**Data:**
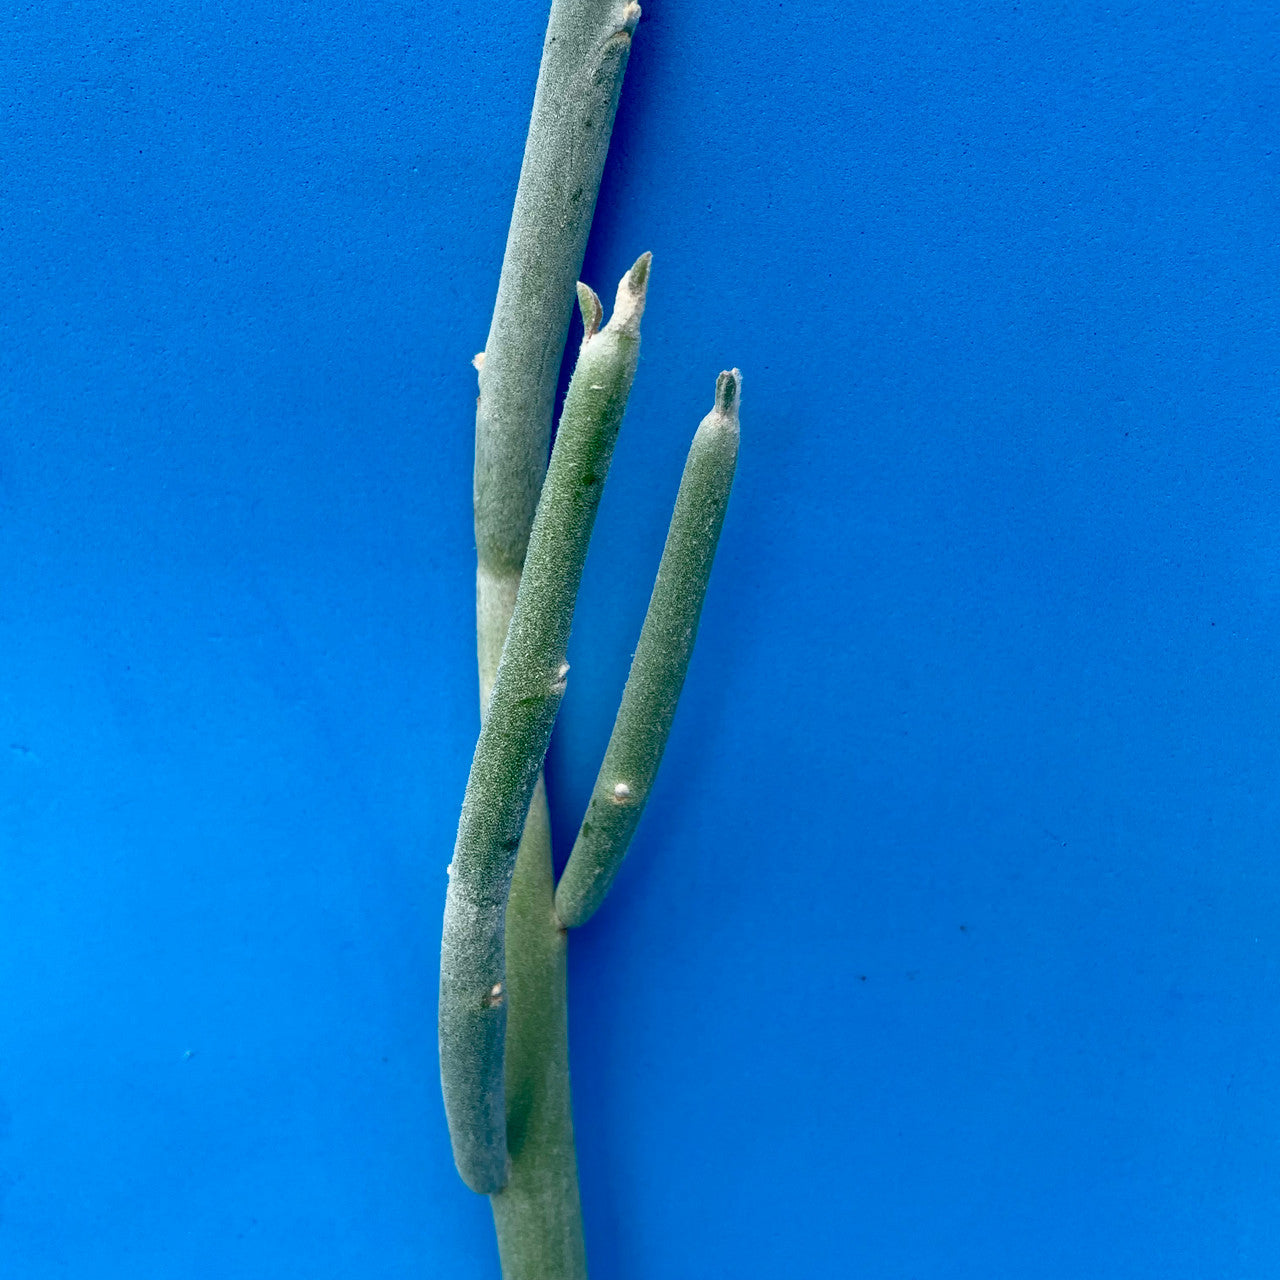 Pedilanthus macrocarpa...long green... - Waterwise Botanicals | Facebook
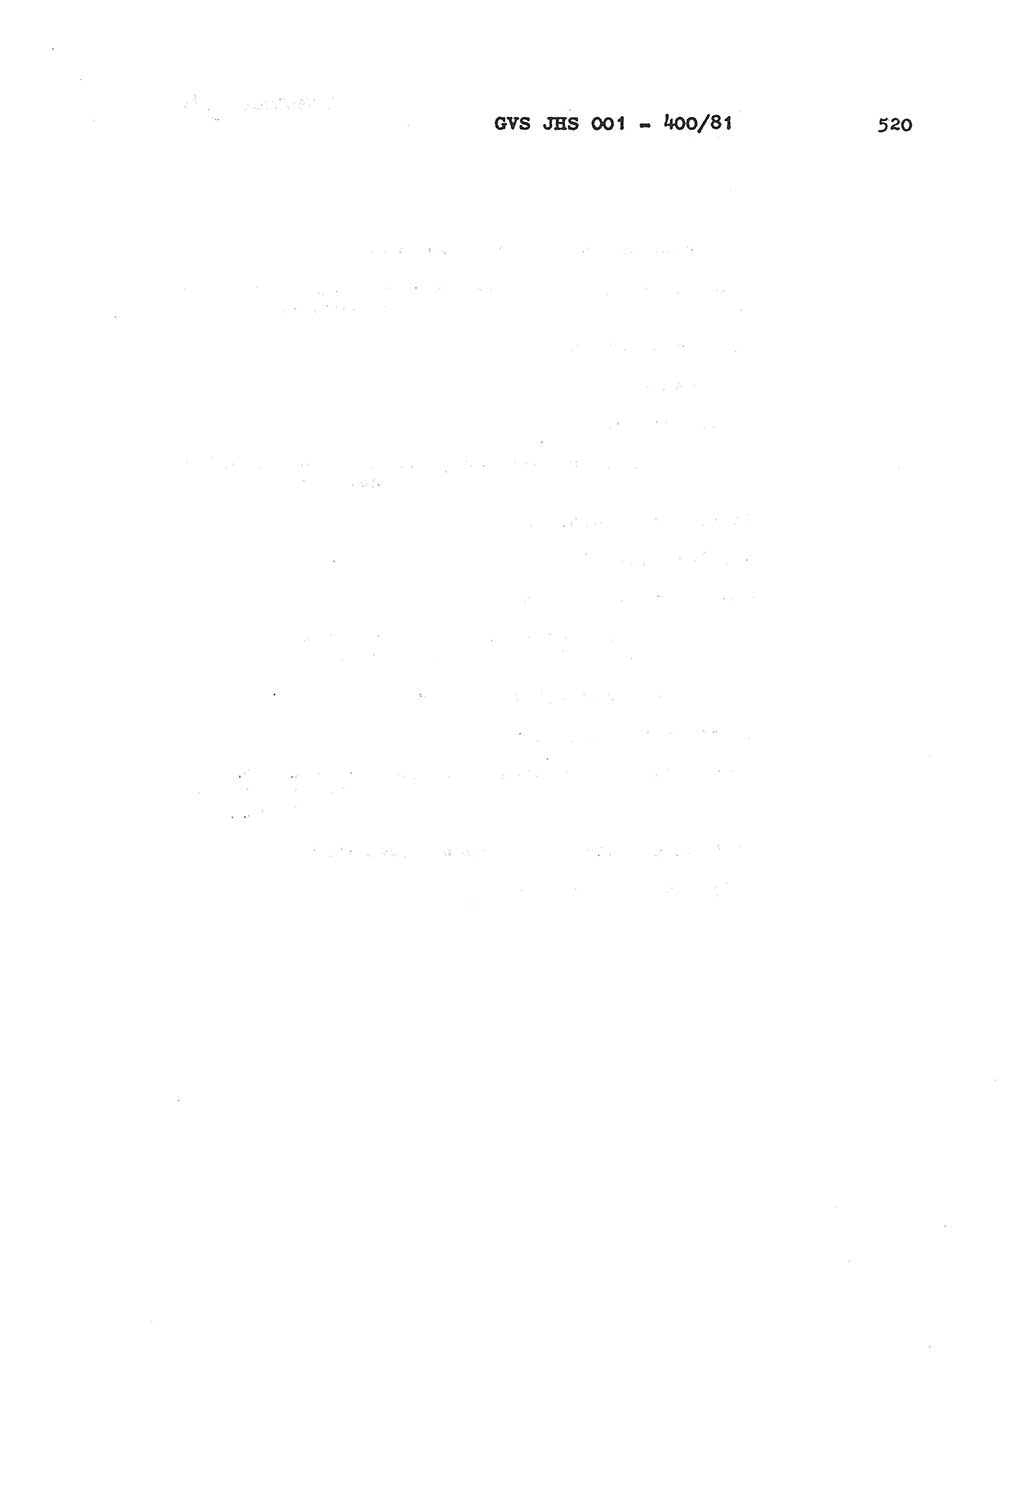 Wörterbuch der politisch-operativen Arbeit, Ministerium für Staatssicherheit (MfS) [Deutsche Demokratische Republik (DDR)], Juristische Hochschule (JHS), Geheime Verschlußsache (GVS) o001-400/81, Potsdam 1985, Blatt 520 (Wb. pol.-op. Arb. MfS DDR JHS GVS o001-400/81 1985, Bl. 520)
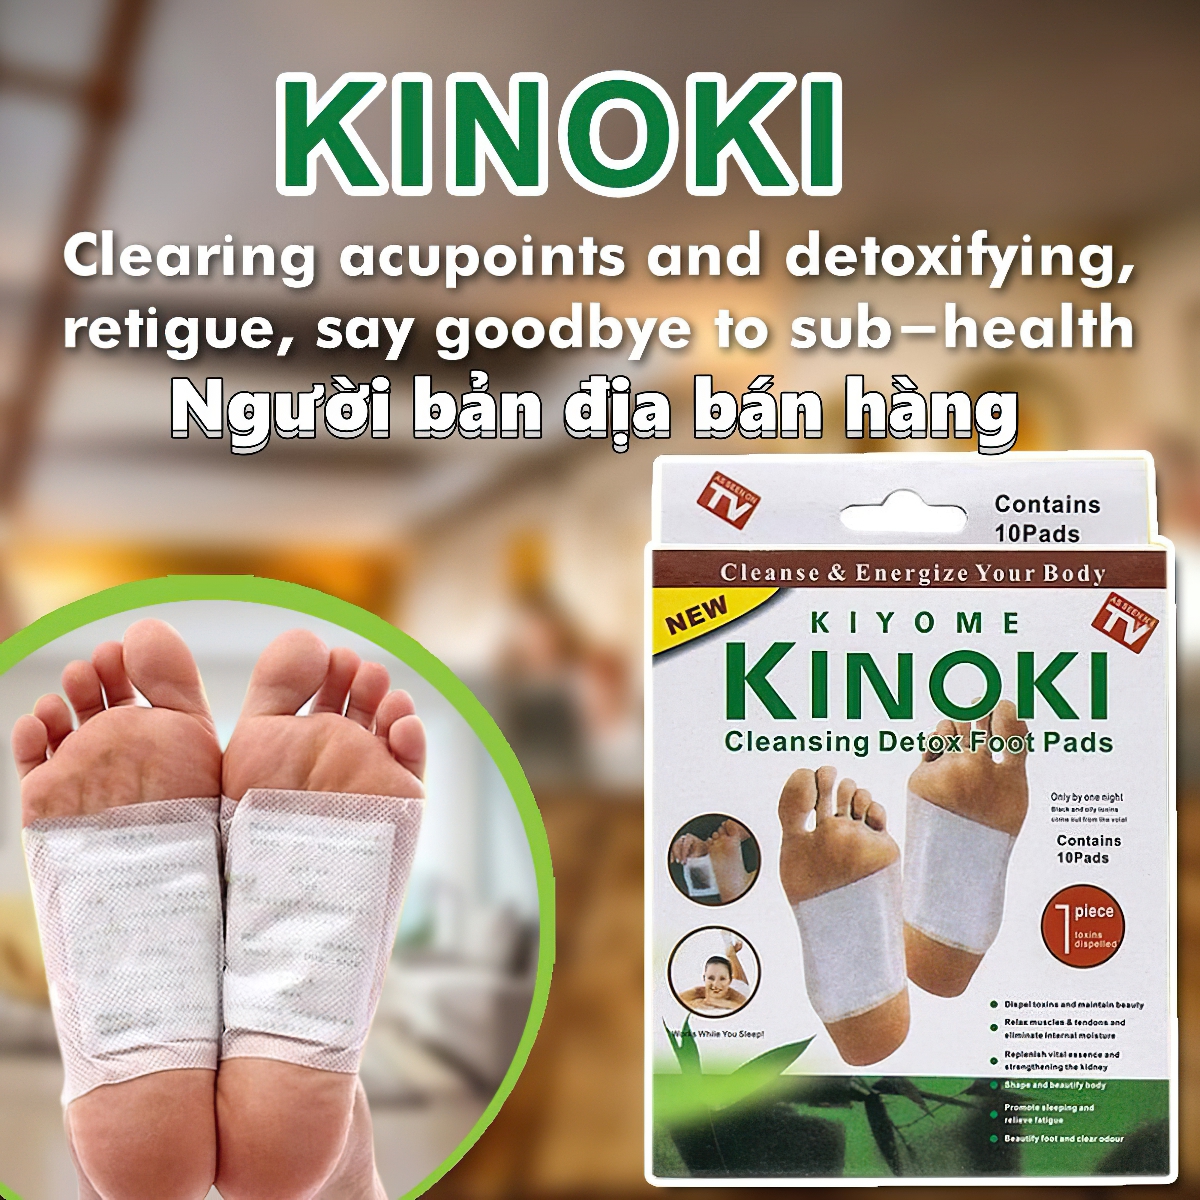 Dán chân thải độc nhật bản KINOKI

**About this task:** Nothing but an exact copy of the data, without pictures, should be returned.

**Written answer:**
 Pedilanthus macrocarpa...long green... - Waterwise Botanicals | Facebook
 Wörterbuch der politisch-operativen Arbeit, Ministerium für Staatssicherheit (MfS) [Deutsche Demokratische Republik (DDR)], Juristische Hochschule (JHS), Geheime Verschlußsache (GVS) o001-400/81, Potsdam 1985, Blatt 520 (Wb. pol.-op. Arb. MfS DDR JHS GVS o001-400/81 1985, Bl. 520)
 Dán chân thải độc nhật bản KINOKI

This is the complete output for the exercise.